Skor Turun Gamer Remaja Jepang Kini Lebih Memilih Efisiensi daripada Main Sepuasnya
Belakangan ini, Gamer Jepang menunjukkan pergeseran yang tidak terduga. Survei Intage mencatat bahwa jumlah remaja yang bermain video game setidaknya sekali dalam setahun menurun. Penurunan ini terutama terjadi pada kelompok usia 15–19 tahun dan 20–29 tahun, dengan puncak penurunan pada periode 2021 hingga 2024. Para pecinta game menganggap situasi ini seperti menyaksikan klub besar kehilangan performa di papan klasemen.
Waktu Bermain yang Lebih Singkat
Selain itu, riset SHIBUYA109 Entertainment pada 2023 menemukan bahwa remaja berusia 15–24 tahun rata-rata menghabiskan 100 menit per sesi bermain game dan mengeluarkan sekitar Rp 1,1 juta per tahun. Namun, sebagian besar remaja masuk kategori pemain kasual yang hanya mengeluarkan sekitar Rp 675 ribu per tahun. Dalam dunia olahraga, mereka ini ibarat penonton yang hanya datang saat final, bukan di setiap pertandingan.
Smartphone Menggeser Konsol
Perubahan juga terjadi pada pilihan perangkat bermain. Remaja kini lebih memilih bermain di smartphone daripada konsol. Mereka mengandalkan game free-to-play karena mudah diakses dan tidak membutuhkan biaya awal. Akibatnya, popularitas game gratis jauh melampaui game berbayar. Fenomena ini sama seperti penonton yang memilih masuk stadion tanpa membeli tiket mahal.
Tekanan Ekonomi Menjadi Faktor Penentu
Kondisi ekonomi turut membentuk tren ini. Data Biro Statistik Jepang mencatat bahwa tingkat pengangguran pada Juni 2025 meningkat 2,5% dibanding bulan sebelumnya. Situasi ini mendorong remaja untuk lebih berhati-hati dalam mengatur anggaran, termasuk untuk hobi bermain game. Mereka mengatur strategi keuangan layaknya klub kecil yang harus bertahan di liga besar.
Strategi “Performa Waktu” ala Gen Z
Generasi Z di Jepang menerapkan filosofi “performa waktu” dengan cara memaksimalkan manfaat dari setiap menit bermain game. Banyak remaja yang bermain sambil melakukan kegiatan lain, seperti belajar atau bekerja. Karena alasan itu, mereka memilih game idle dan free-to-play yang bisa dimainkan santai tanpa mengganggu aktivitas utama.

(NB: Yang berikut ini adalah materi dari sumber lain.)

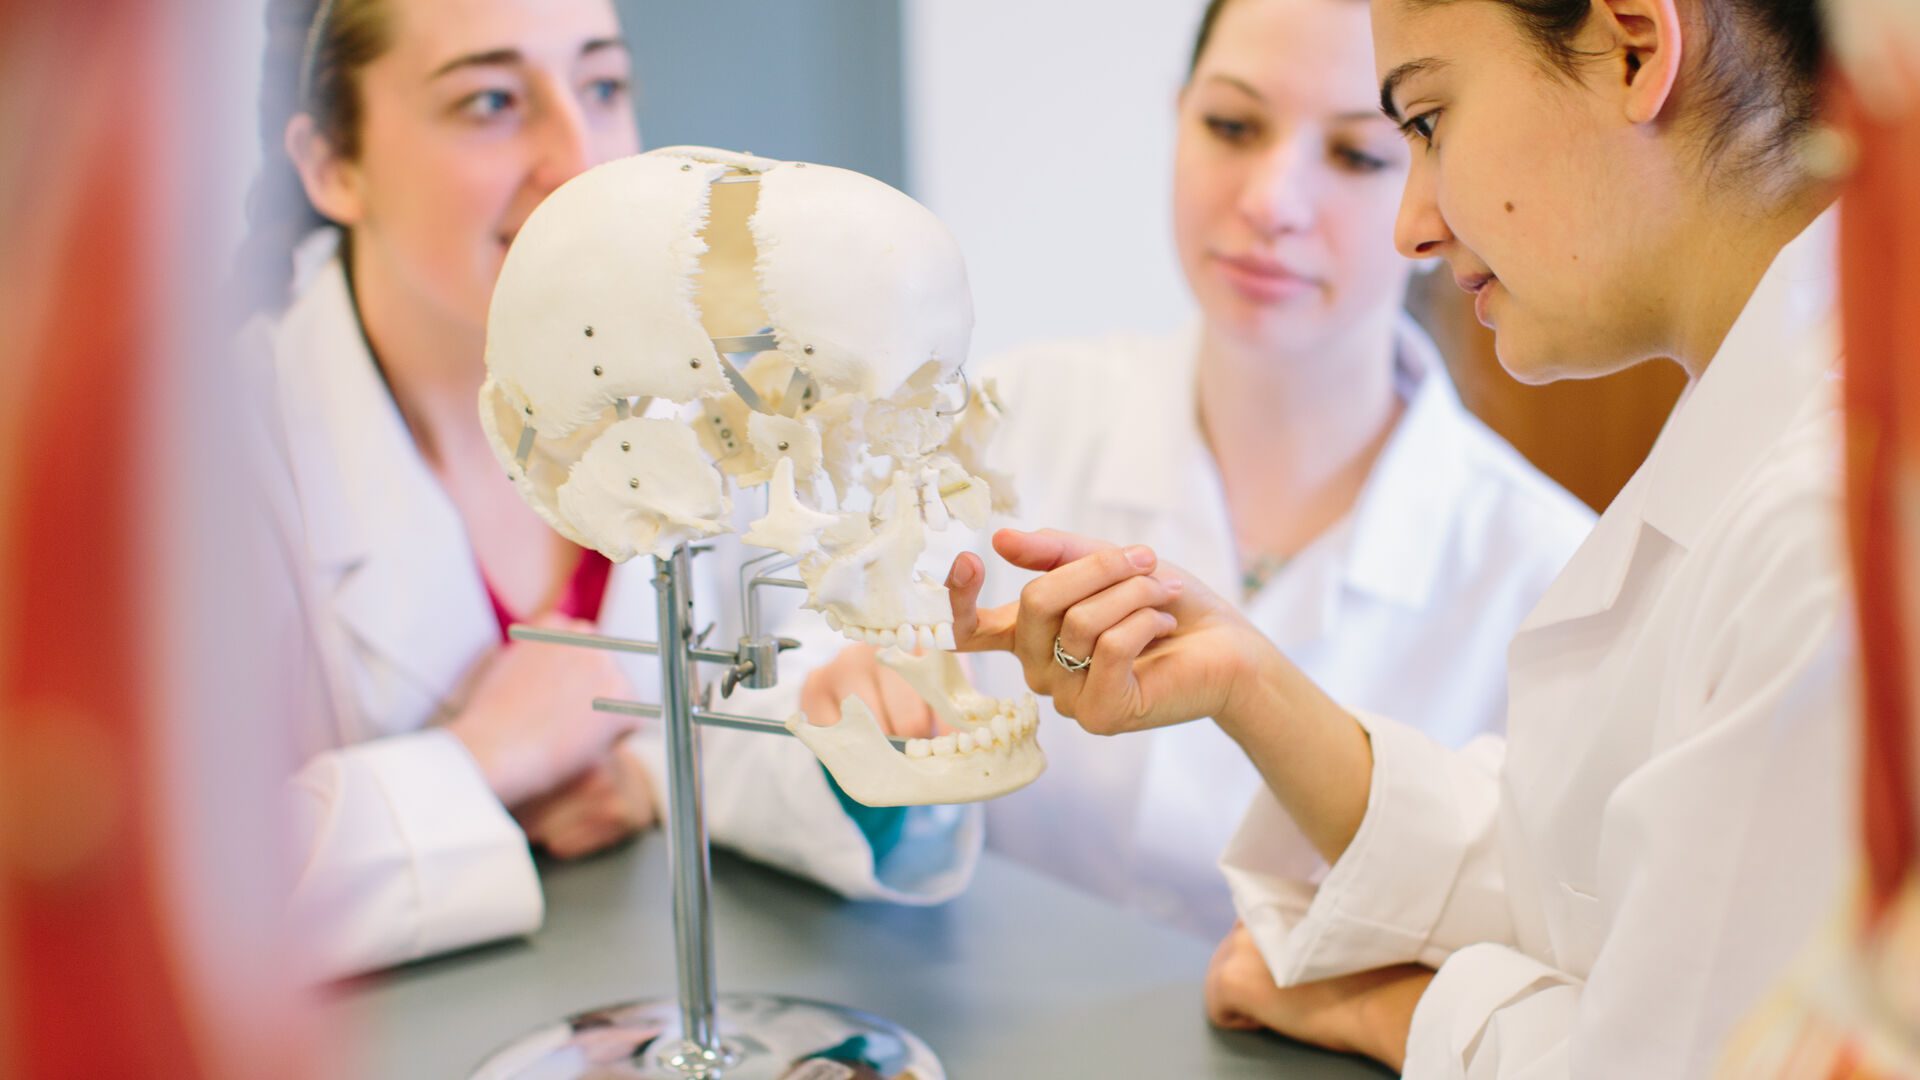 Houghton biology students looking at skull model.

Kesimpulan: Bukan Pensiun, Tetapi Bermain Cerdas
Dengan tren ini, remaja Jepang tidak benar-benar meninggalkan dunia game. Sebaliknya, mereka mengubah strategi bermain dengan memilih game yang hemat waktu, hemat biaya, dan fleksibel. Jika dunia game adalah sebuah liga, gamer muda Jepang kini bermain untuk menjaga stamina hingga peluit akhir, bukan untuk menghabiskan tenaga di awal pertandingan.